- REQUIRED ACTION: Only the lines from the one containing "Embossed CHANTAL THOMASS." through the end of the listing are to be transcribed, exactly and with both ends included.
Segment Start: EXERCISE DATA
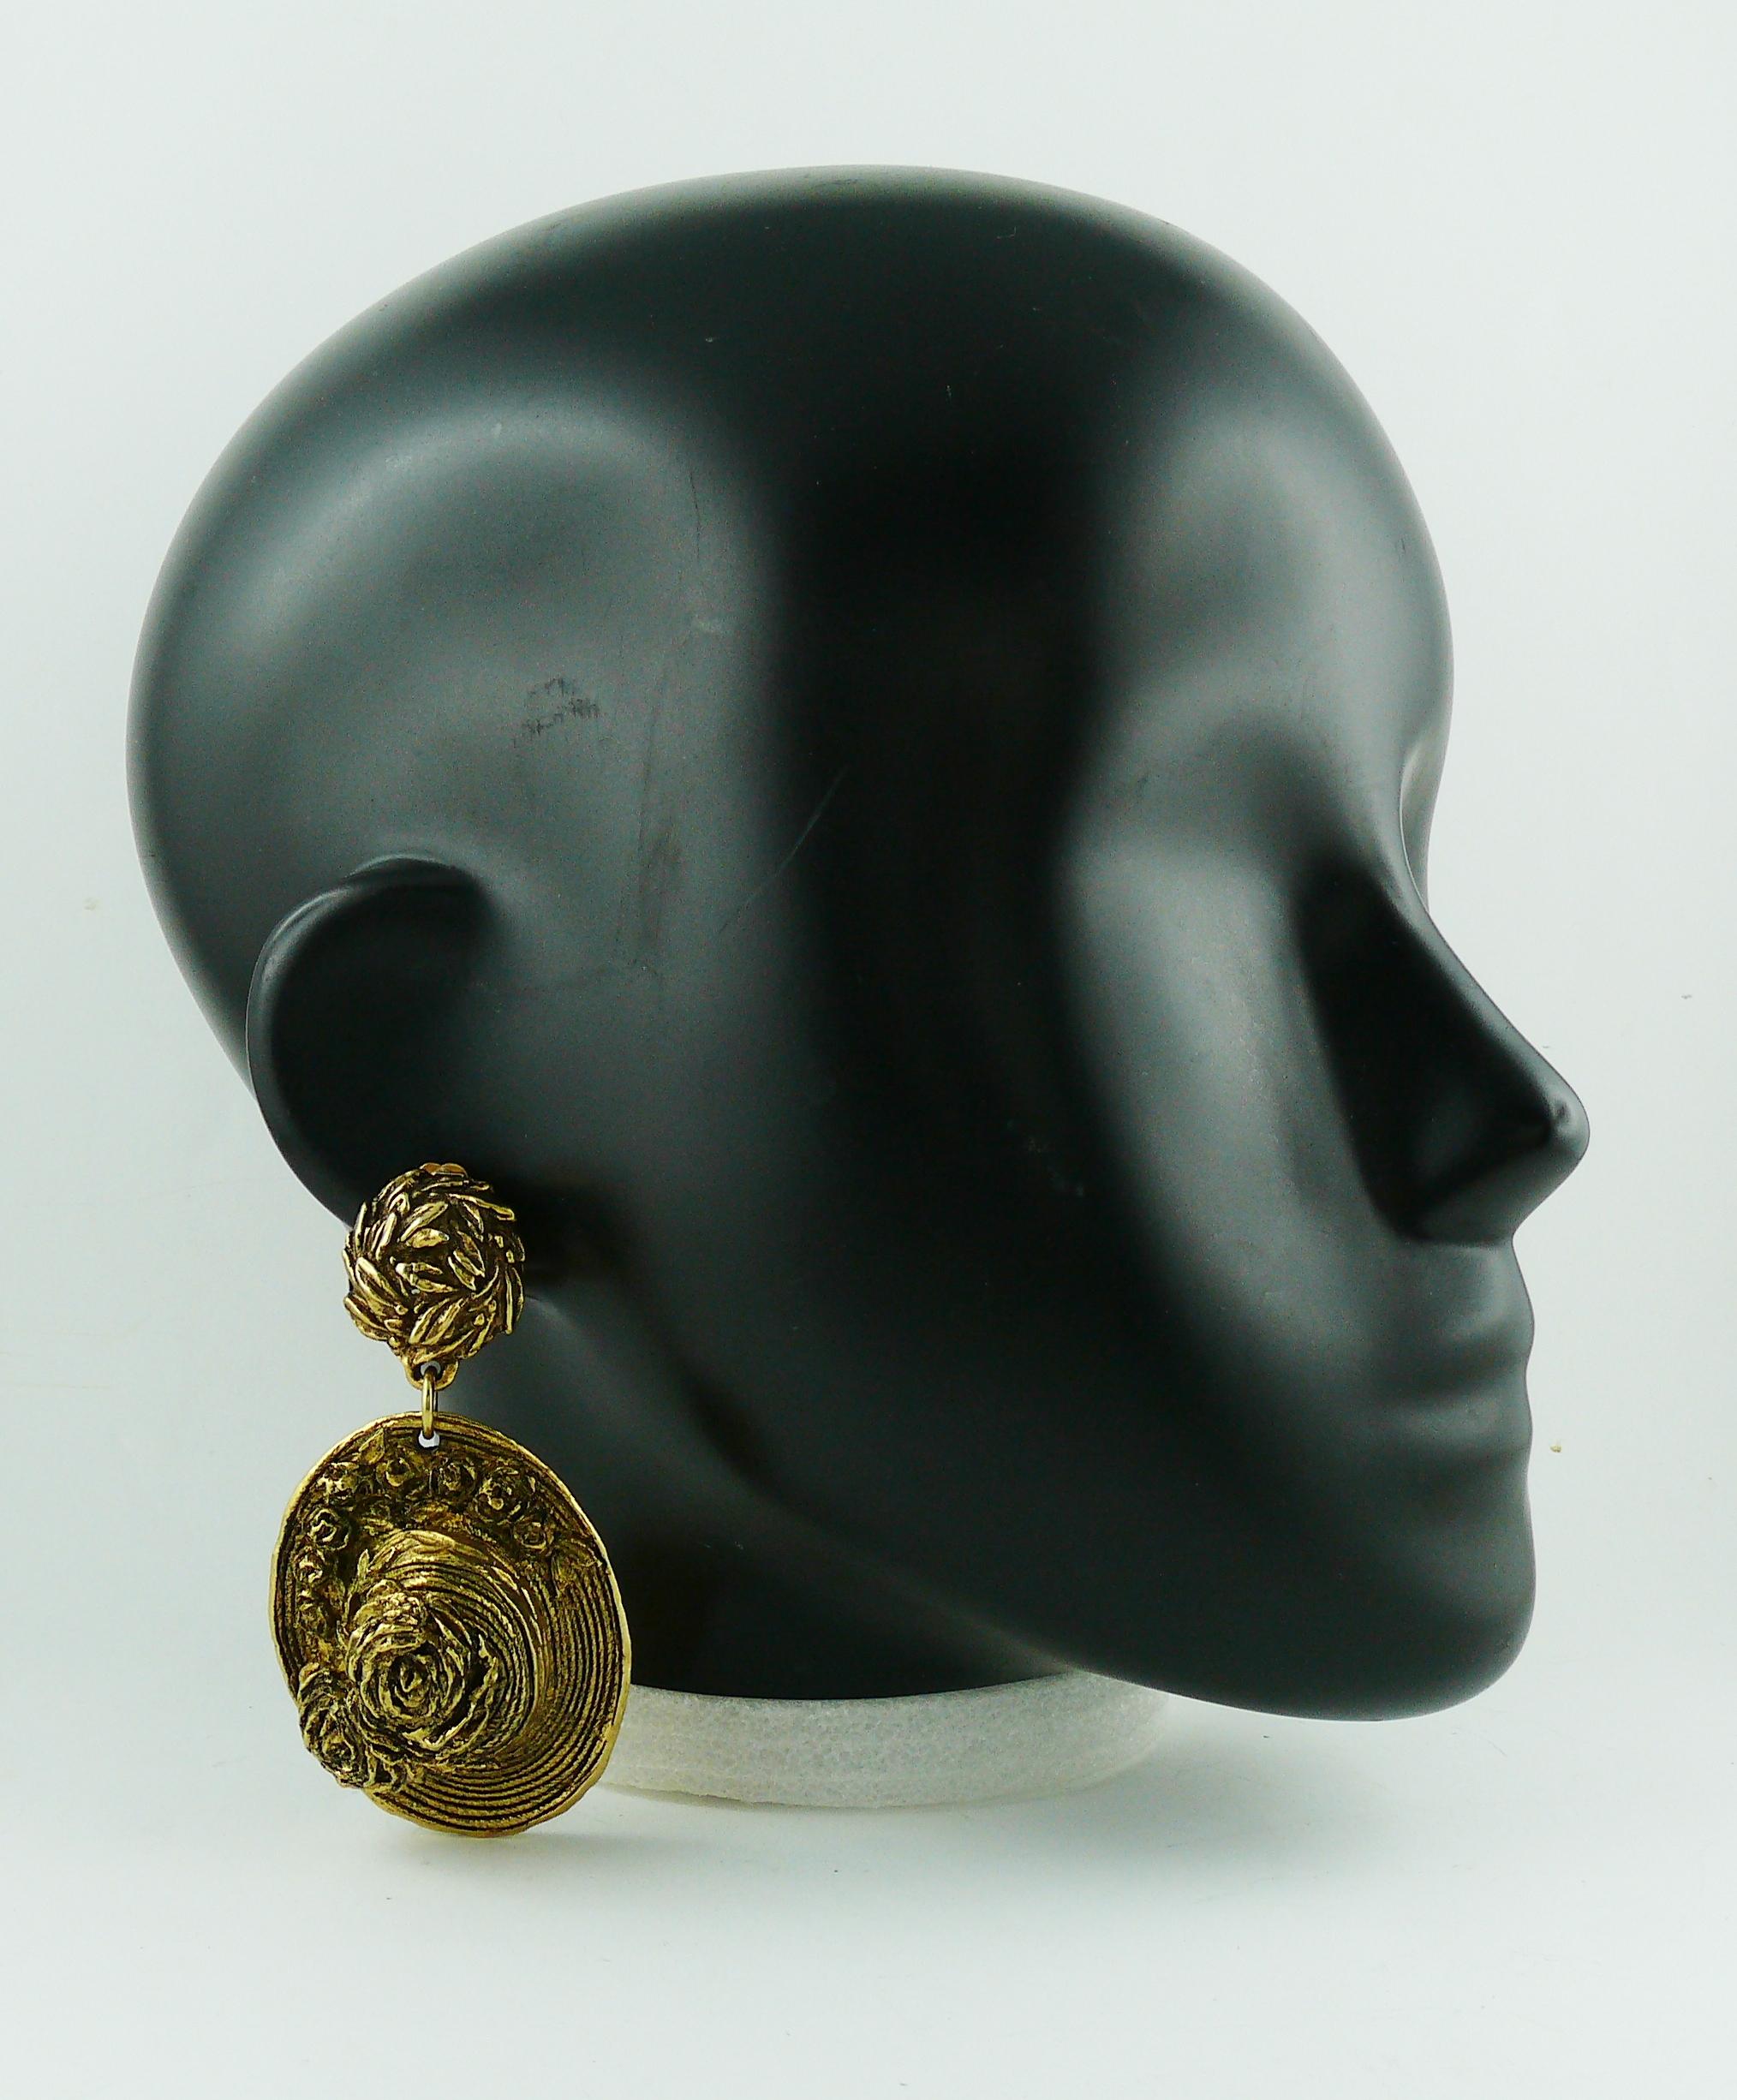 CHANTAL THOMASS vintage rare massive dangling earrings (clip-on) featuring hats with flowers in gold tone with antiqued patina.

Embossed CHANTAL THOMASS.

Indicative measurements : height approx. 8 cm (3.15 inches) / max. width 4 cm (1.57
Segment End: EXERCISE DATA
- WRITTEN ANSWER:
Embossed CHANTAL THOMASS.

Indicative measurements : height approx. 8 cm (3.15 inches) / max. width 4 cm (1.57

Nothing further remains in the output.